Кузаков, в свою очередь, рассчитывал на то, что «продвинутый» им Бондарев будет сохранять лояльность к нему и поможет оказать влияние на командира дивизии и оттолкнуть его от умного, но иронично настроенного к политорганам начальника штаба Лепина. О сговоре, замыслах и планах этих двух Сазонов в ту ночь еще не знал, но предубеждение против Бондарева у него уже сложилось. И только сейчас, в глухую полночь он признался себе, что «ненаглядный» — так окрестил он своего зама, вложив в это слово горькую иронию обманутых надежд, никогда не будет его близким другом. Представить себе, что он стал бы обсуждать с Бондаревым те спорные вопросы о ходе войны, излишней жестокости в тылу и на фронте, и к своим пленным, необоснованной подозрительности ко всем, кто был на оккупированной территории, он не мог ни в коем случае. Никаких откровений и рассуждений с ним и больше спроса по работе! Вот тогда у него будет меньше времени бегать в политотдел, решил Дмитрий Васильевич.

И с чувством облегчения он настрочил длинную резолюцию, где возлагал на Бондарева исполнение приказа Главного управления «Смерш» по подбору и использованию зафронтовой агентуры на территории противника.
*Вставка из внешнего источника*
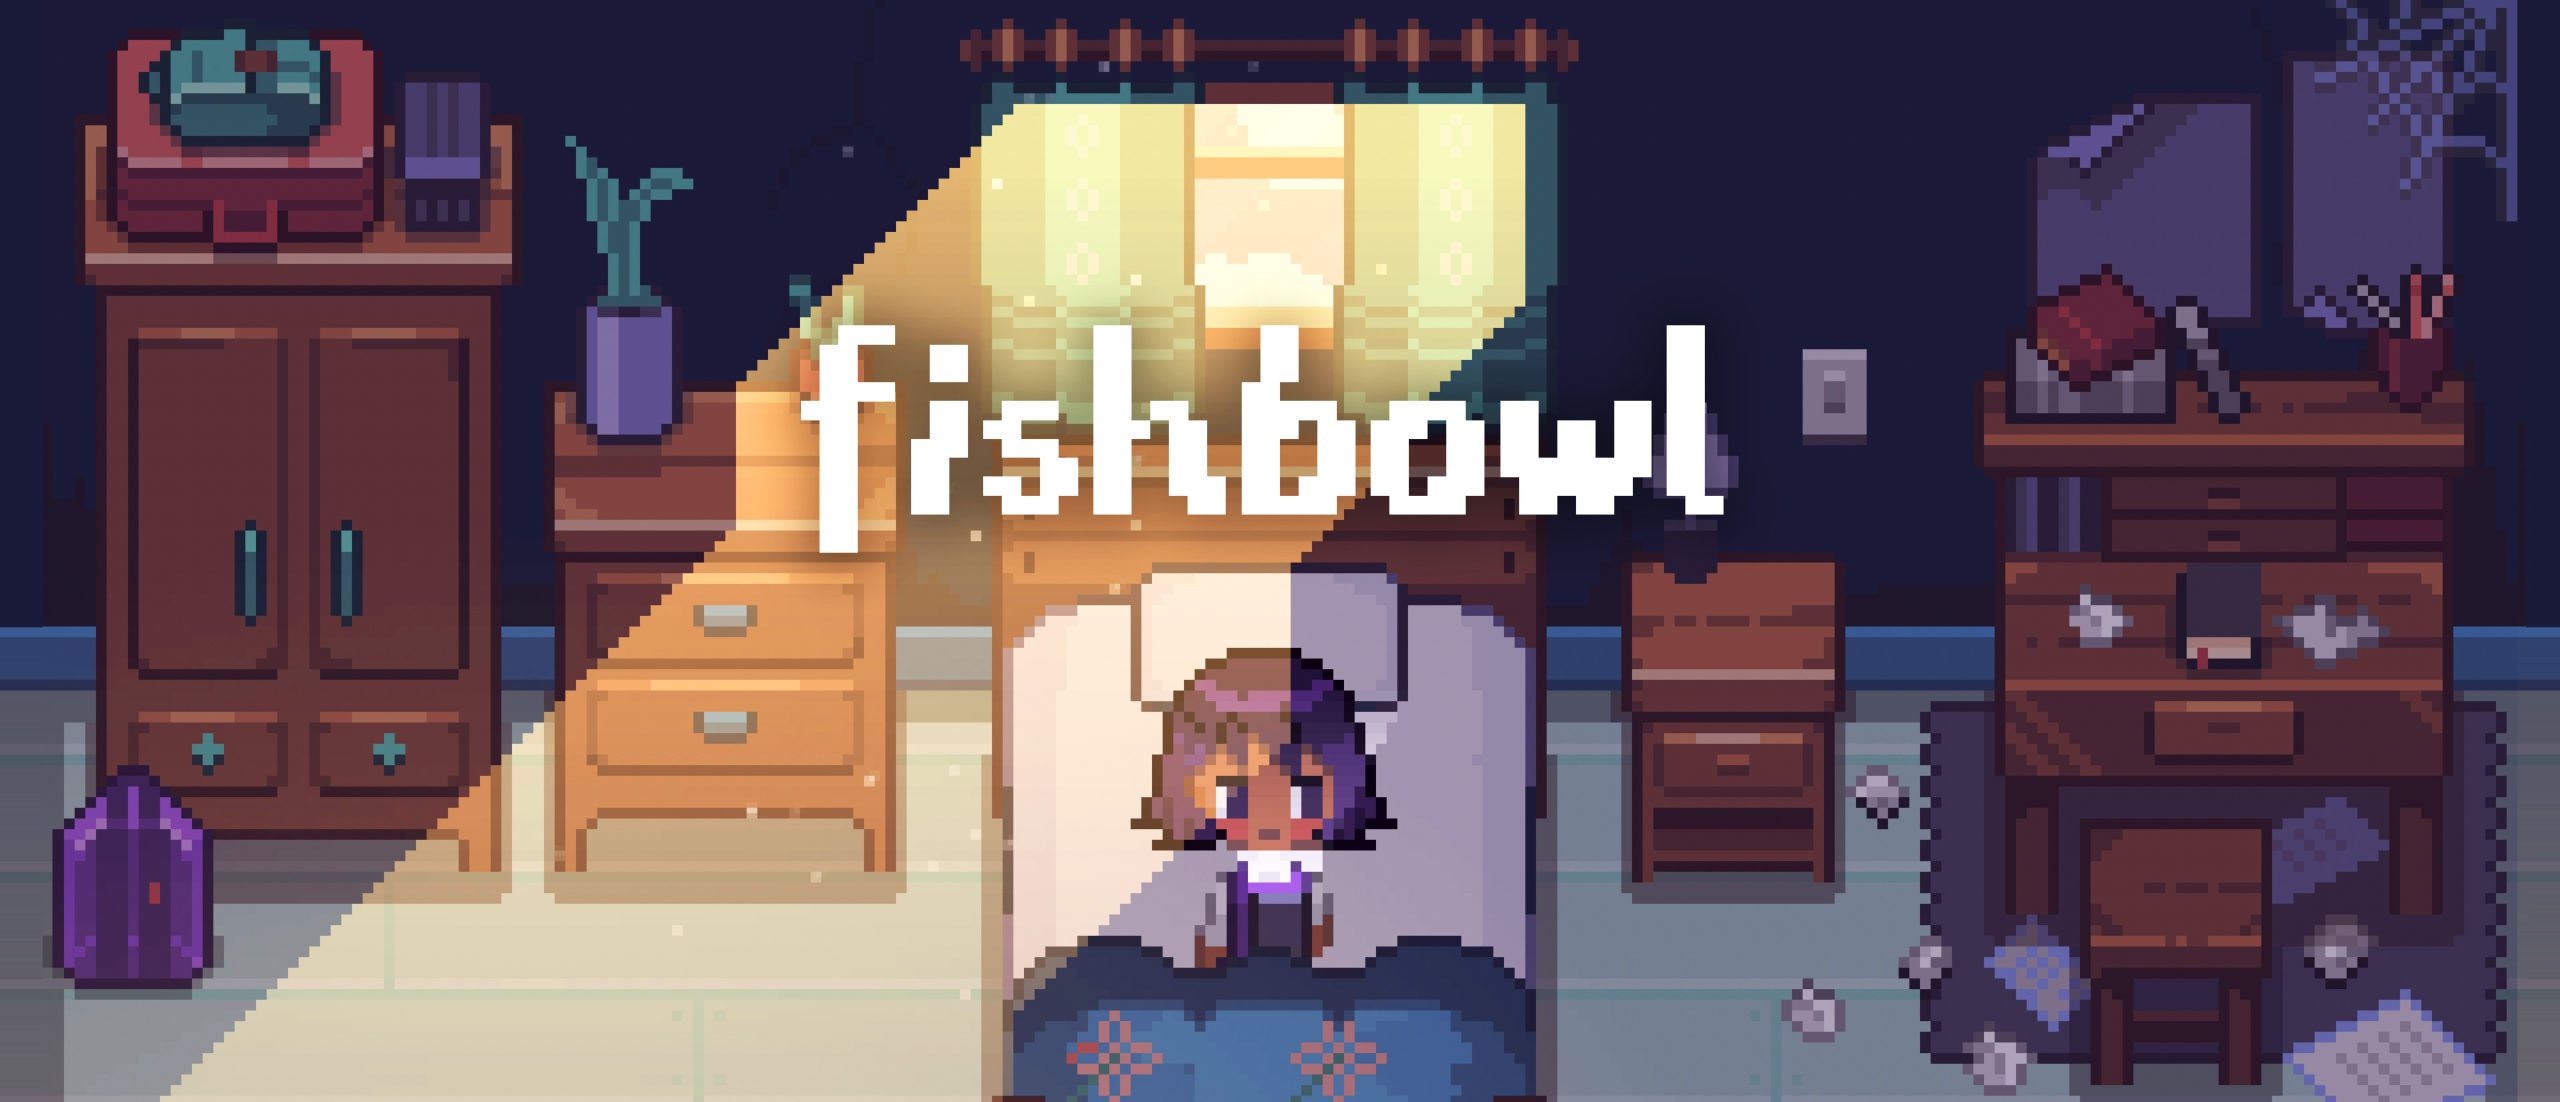 Indie-Game fishbowl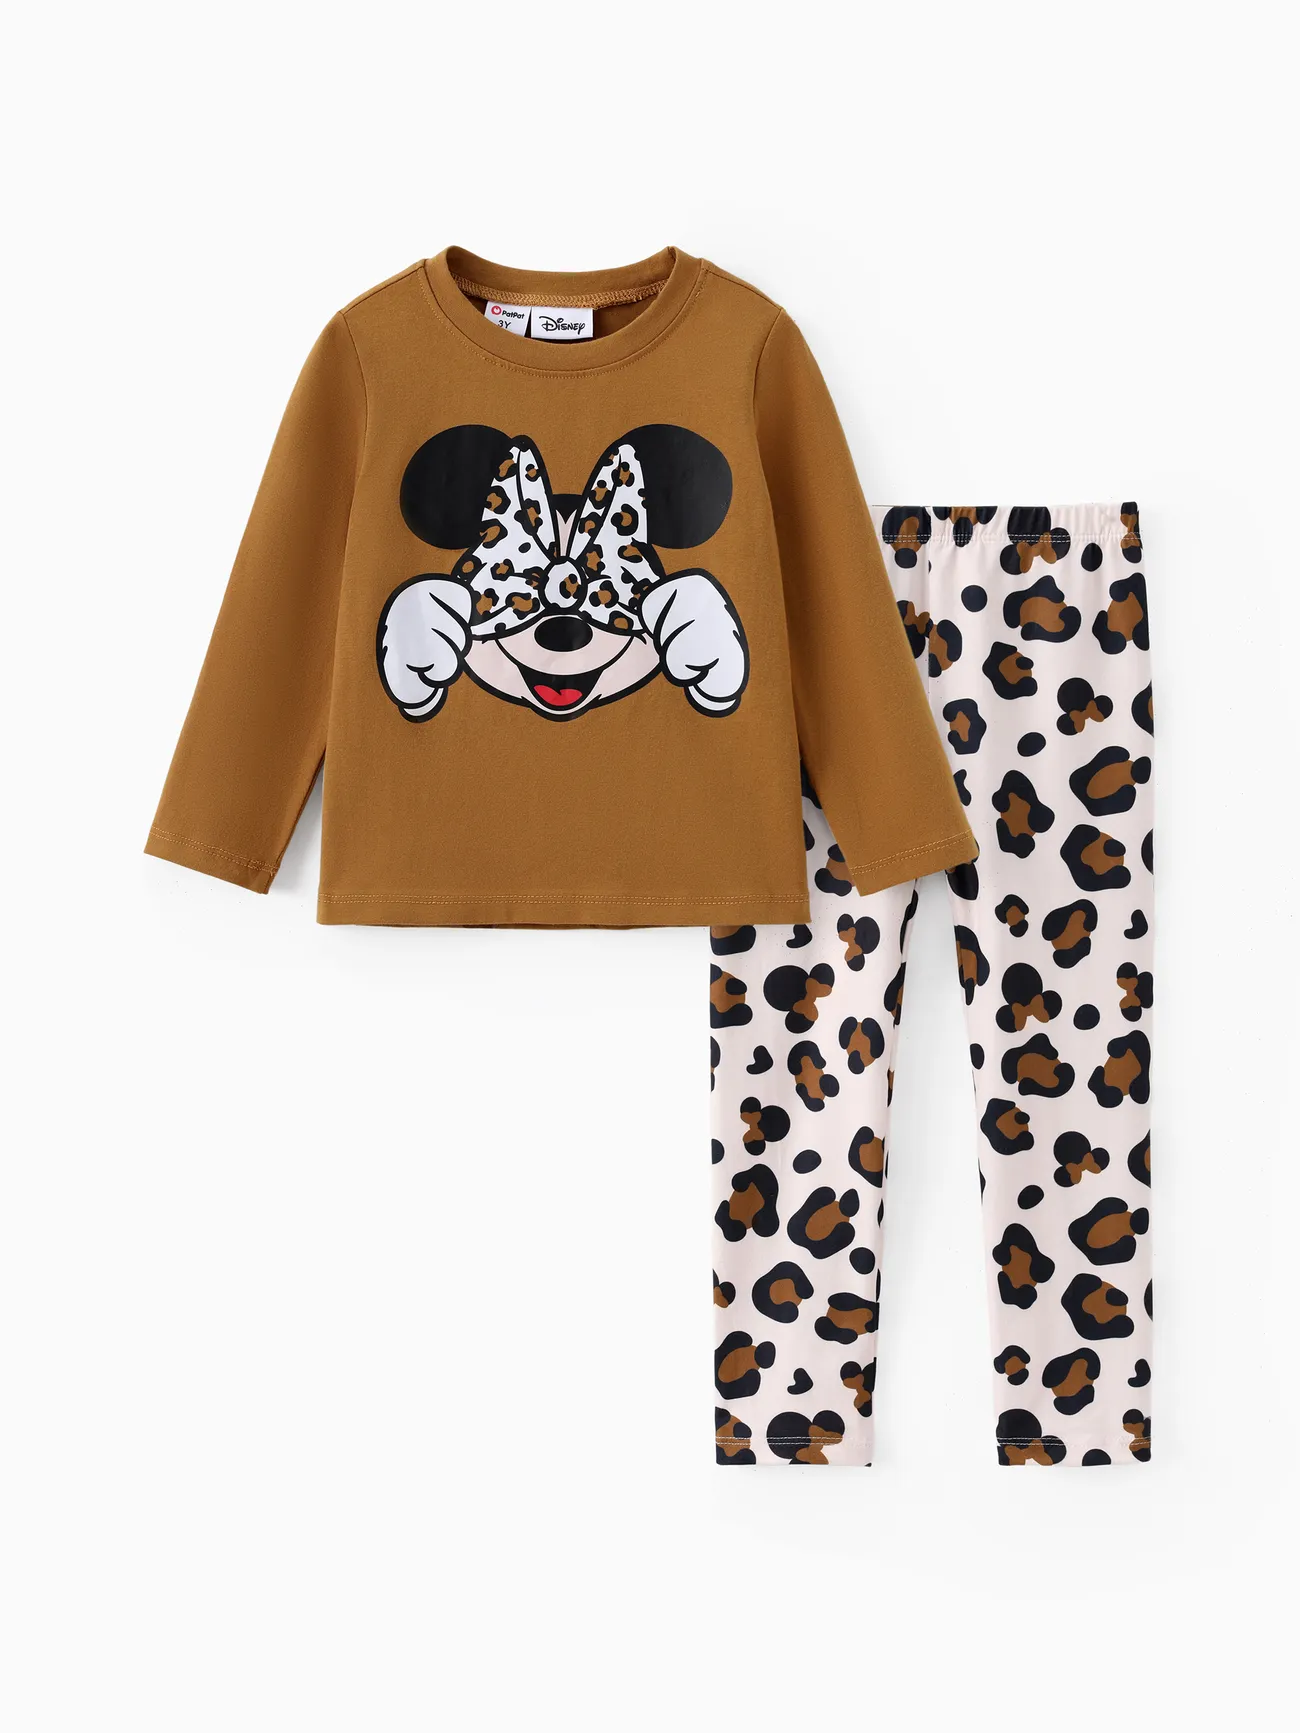 Disney Mickey and Friends 2 Stück Kleinkinder Mädchen Kindlich T-Shirt-Sets braun big image 1

В этом приказе была изложена главная задача — получение разведывательной информации о системе обороны вермахта, но для этого нужны были хорошо продуманная система и способы проникновения на прифронтовую территорию противника, легализация исполнителей, а затем сбор разведданных и передача их в Центр. Но главное — были нужны исполнители. А где их взять, таких, каких требовал Приказ: проверенных, умелых, морально устойчивых, преданных партии и правительству?! И опять, вспомнив своего «ненаглядного», он представил себе, как тот приступит к выполнению приказа, не имея опыта в этом деле. «Пусть побеспокоится, побегает, посидит. Подумает, займется делом, может, и встанет на путь истинный, — думал Сазонов. — И сам себе отвечал: — Может и исправится, но шансов очень мало — испортила его служба в облисполкоме и в политотделе!» Потом Дмитрий Васильевич достал еще приказ своего фронтового управления, где указывается на необходимость выявления агентуры противника, внедренной в отряды партизан, перешедших линию фронта из оккупированных районов в связи с активизацией карательных действий гитлеровцев на территории Белоруссии. Он устал читать о том, как и где нужно вести опрос партизан, что нужно было заполнить в опросном листе на подозреваемых лиц с последующей отправкой этих листков в полевые фильтр-лагеря вместе с подозреваемыми. Все было расписано четко и гладко, но не было указано, где капитан Сазонов возьмет столько единиц оперативного состава, чтобы выполнить этот приказ, а ведь сколько времени потребуется на эту писанину!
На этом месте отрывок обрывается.